The current $34 billion capital program is expected to drive revenue growth and cash flow expansion in the next few years.
Despite the growth profile, the stock took a big hit over the past six months, largely due to ongoing challenges and surging costs on its Coastal GasLink pipeline. The project will eventually bring natural gas from producers in northeastern British Columbia to a new liquified natural gas (LNG) facility being built on the B.C. coast. At its annual investor day in November, TC Energy said the development is 80% complete, and the company will provide an updated cost forecast in early 2023.
The board still intends to raise the dividend by 3-5% annually through 2026.

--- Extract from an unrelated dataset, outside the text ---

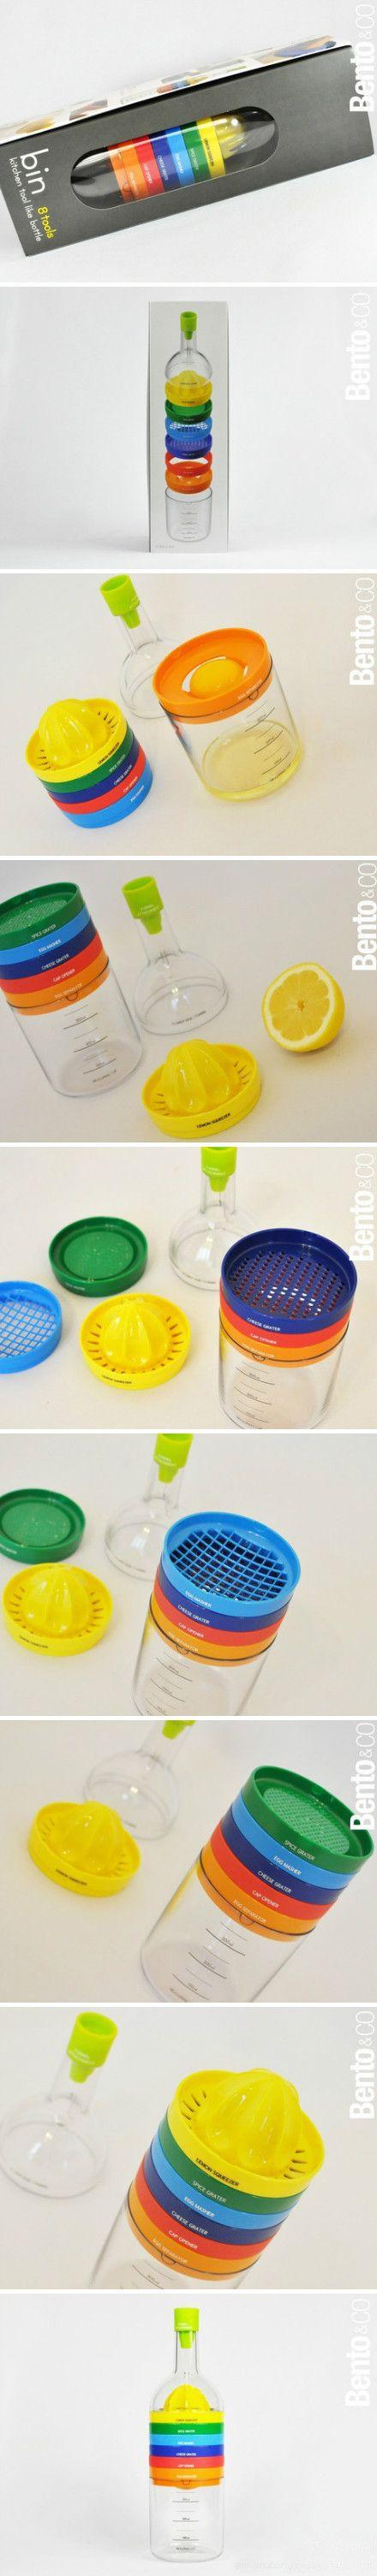 8-in-one kitchen set: egg yolk egg white separator, juicer, funnel and more

At the time of writing, TC Energy stock trades for close to $57 per share. This is down from the 2022 high around $74. Investors who buy TRP stock at the current level can get a 6.3% dividend yield.
Bank of Nova Scotia
Bank of Nova Scotia (TSX:BNS) is down about 27% over the past 12 months. The decline through most of 2022 occurred, as investors became increasingly concerned about the threat of a recession 2023.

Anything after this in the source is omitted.